エクソソーム解析を基軸とする「持続性知覚性誘発めまい（PPPD）」の病態解明

基于外泌体分析阐明“持续性知觉诱发头晕（PPPD）”的病理学

• 批准号: 22K09755
• 负责人: 野村 泰之
• 金额: $ 2.58万
• 依托单位: Nihon University
• 依托单位国家: 日本
• 项目类别: Grant-in-Aid for Scientific Research (C)
• 财政年份: 2022
• 资助国家: 日本
• 起止时间: 2022-04-01 至 2025-03-31
• 项目状态: 未结题
• 来源: https://kaken.nii.ac.jp/grant/KAKENHI-PROJECT-22K09755/
• 关键词: エクソソーム; アポトーシス; オートファジー; ツニカマイシン; 持続性知覚性誘発めまい; PPPD; 内耳前庭培養細胞; miRNA; 前庭細胞

本研究は、なぜ持続性知覚性誘発めまい（PPPD）という疾患が内耳前庭の障害に起因しつつも身体の他領域にも関わる多様な症状・病態を示すのか、という疑問の一端を、近年着目されてきているエクソソームによる細胞外への情報伝達機構をふまえた検討・解明を目指すものである。PPPDの発端となるめまいなどの内耳前庭障害疾患においては内耳前庭細胞において小胞体ストレス誘導性細胞死が生じているとも考えられ、そこではアポトーシスやオートファジーなどの細胞処理機構が働き疾患病態を誘導していると考えられる。さらにPPPDは平衡障害のみならず心因性、視覚性、など内耳前庭とは隔たった遠隔臓器に関連する多様な機能的症状を呈することが知られている。そこで本研究では、内耳前庭培養細胞（UB/UE-1）に対してツニカマイシン処理による小胞体ストレスを与えてアポトーシスやオートファジーの出現の有無を検討するとともに、多様な機能的症状をもたらす要因としてのエクソソームの細胞外情報伝達の可能性を検討するものである。まず、マウスの卵形嚢系内耳前庭培養細胞であるUB/UE-1にツニカマイシン処理をおこない小胞体ストレスを引き起こすことで、経時的な観察によりアポトーシスとオートファジーの有無を検証する。そこでは細胞死の有無を確認するとともに、アポトーシスとオートファジーの伝達経路の活性化の検証のためウエスタンブロット法でCHOP、cleaved caspase-3、cleaved PARP、LC3などの発現の有無を検証する。さらにツニカマイシン処理したUB/UE-1細胞からエクソソームを含む細胞外小胞が放出されているかを検証する。そのためツニカマイシン処理細胞の培養上清からエクソソームの単離をおこない形態観察、ウエスタンブロット解析でのエクソソーム特異的表面マーカーの検証、ナノサイト計測による粒子の解析を行うものである。

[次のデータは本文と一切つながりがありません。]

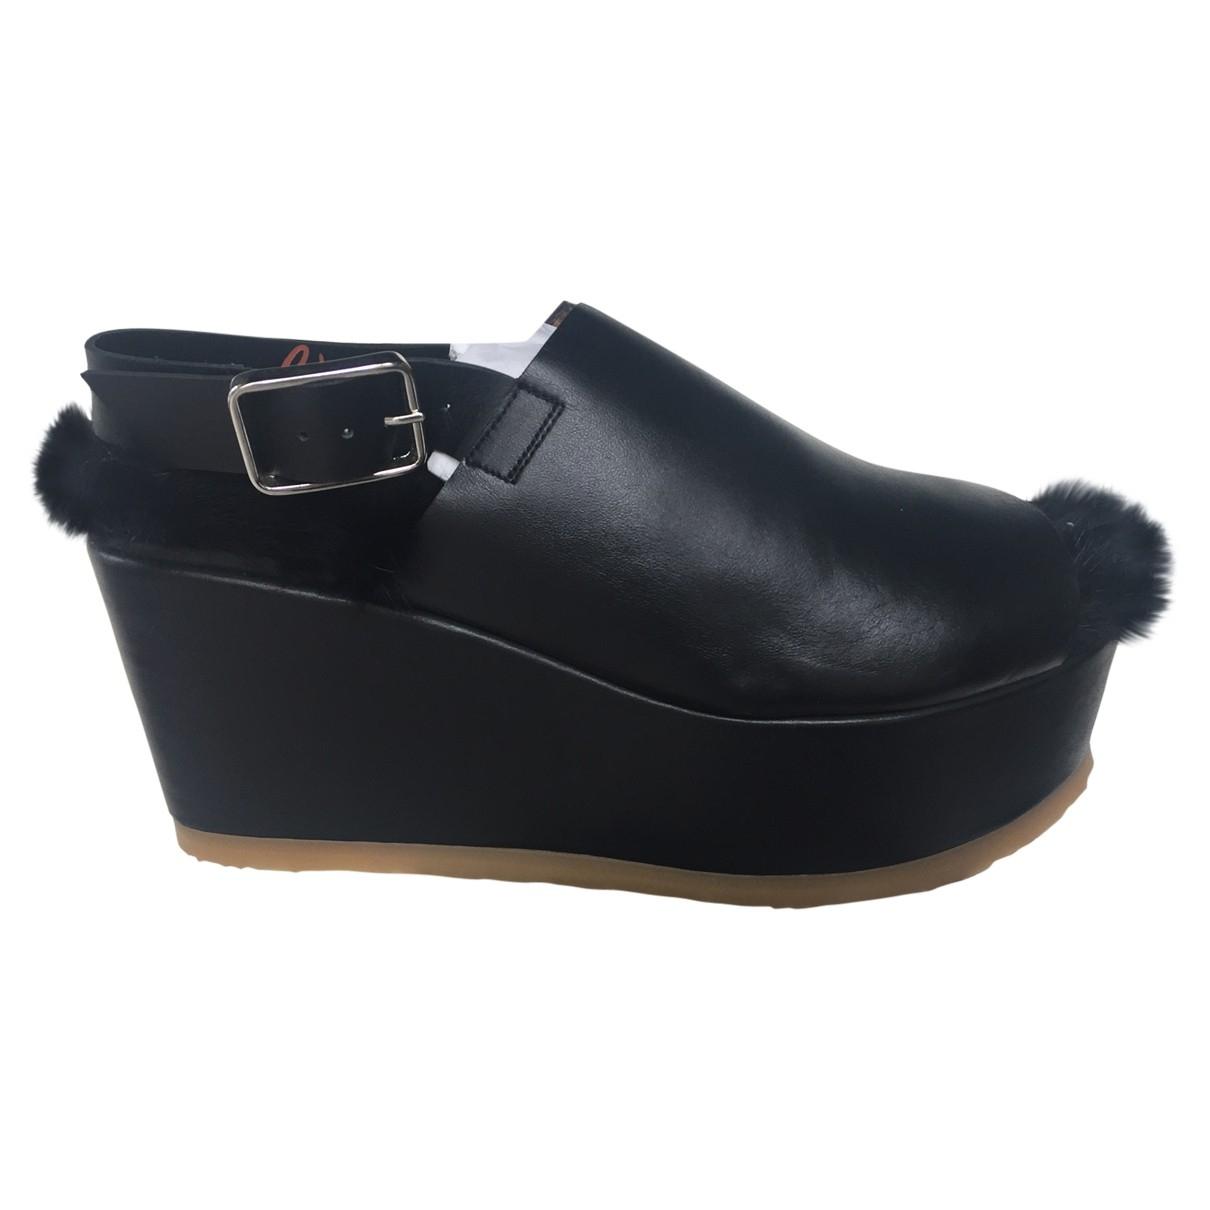 Castaner \N Black Leather Sandals for Women 38 EU

This study aims to explore the causes of persistent cognitive development (PPPD) and disorders related to vestibular disorders in the inner ear and other areas of the body. The development of PPPD in vestibular disorders of the inner ear is related to the induction of cell death in vestibular cells of the inner ear. PPPD is a balance disorder that affects many functional symptoms such as internal cardiac, visual, and internal auditory vestibular and septal disorders. In this study, we investigated the presence and absence of microcellular changes in the inner ear vestibular culture cells (UB/UE-1), and the possible transmission of extracellular information in the vestibular culture cells. The oval-shaped inner ear vestibule culture cells of the mouse were identified by UB/UE-1, and the oval-shaped inner ear vestibule culture cells were identified by UB/UE-1. The detection of CHOP, cleaved caspase-3, cleaved PARP, and LC3 in the presence or absence of cell death is confirmed by the detection of activation of the pathway. In addition, UB/UE-1 cells were treated with different kinds of drugs, including extracellular vesicles. The culture supernatant of the treated cells was examined by morphological observation, analysis and analysis of the surface characteristics of the treated cells.